For the large area surveys (VHS, VIKING, VVV, VMC) the catalogue data should be submitted in a tile-by-tile fashion, meaning that the entire catalogue is segmented into N separate FITS data files, where each file corresponds to one VISTA survey tile, plus one metadata file describing the entire catalogue.

Multiple detections of the same source, which occur in the overlap regions of adjacent survey tiles, are expected to be merged in the final multi-band photometric catalogue. Unless the uniqueness of the sources in the band-merged catalogue is being guaranteed, duplicate entries should be consistently flagged throughout the entire catalogue by including a dedicated column ('PRIMARY_SOURCE'), which is set to 1 if the source is a primary one and to 0 otherwise.

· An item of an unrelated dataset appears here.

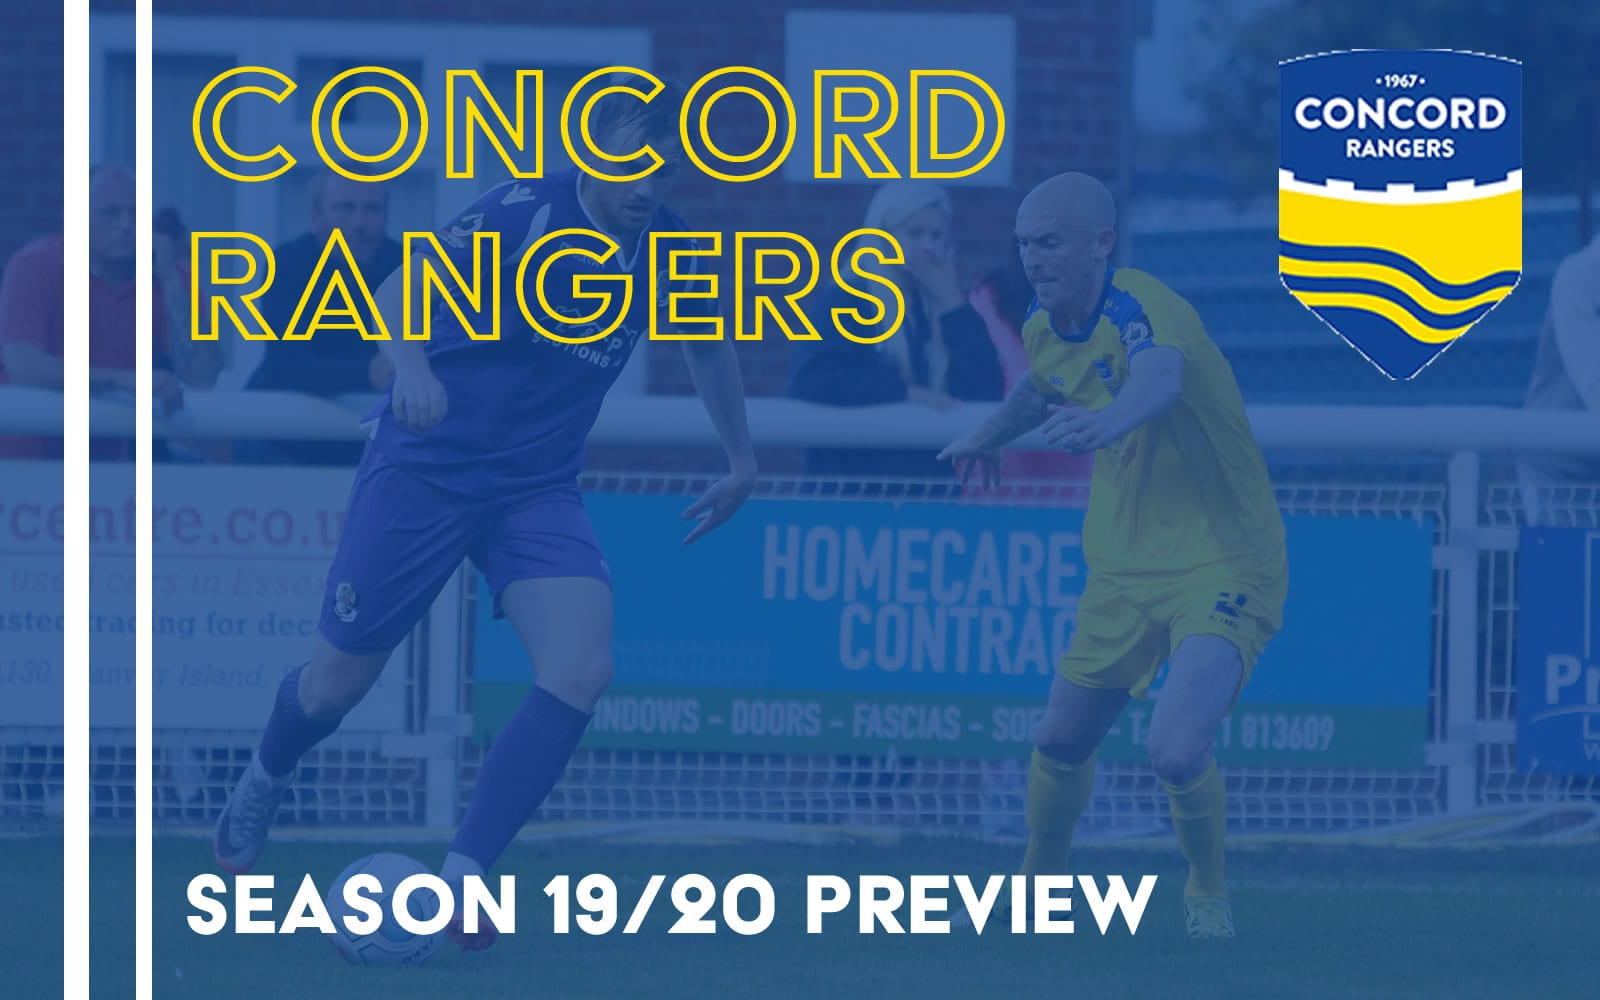 Season Preview: Concord Rangers

De-reddened magnitudes, i.e. corrected for galactic extinction, based on the survey team’s best model should be listed in the VVV and VMC source catalogue in addition to the uncorrected (apparent) magnitudes.

Deep Surveys

UltraVISTA is expected to submit one multi-band source catalogue (1 file) collectively covering the deep and ultra-deep regions of the survey. In case of VIDEO one multi-band source catalogue (1 file) per survey region (VIDEO-XMM3, CDF-S, ELAIS-S1) is delivered.

 

Processing provenance

Data providers are requested to include consistent and complete processing provenance information in each science data product file (cf. ESO SDP Standard, Version 6, Sect. 5.2). PROV references should point to the precursor science data files which have been included into the generation of the given product provided that the referenced files already exist in the ESO archive or they are being submitted as part of the same data release. The correctness of PROV pointers is an important criterion for data product acceptance.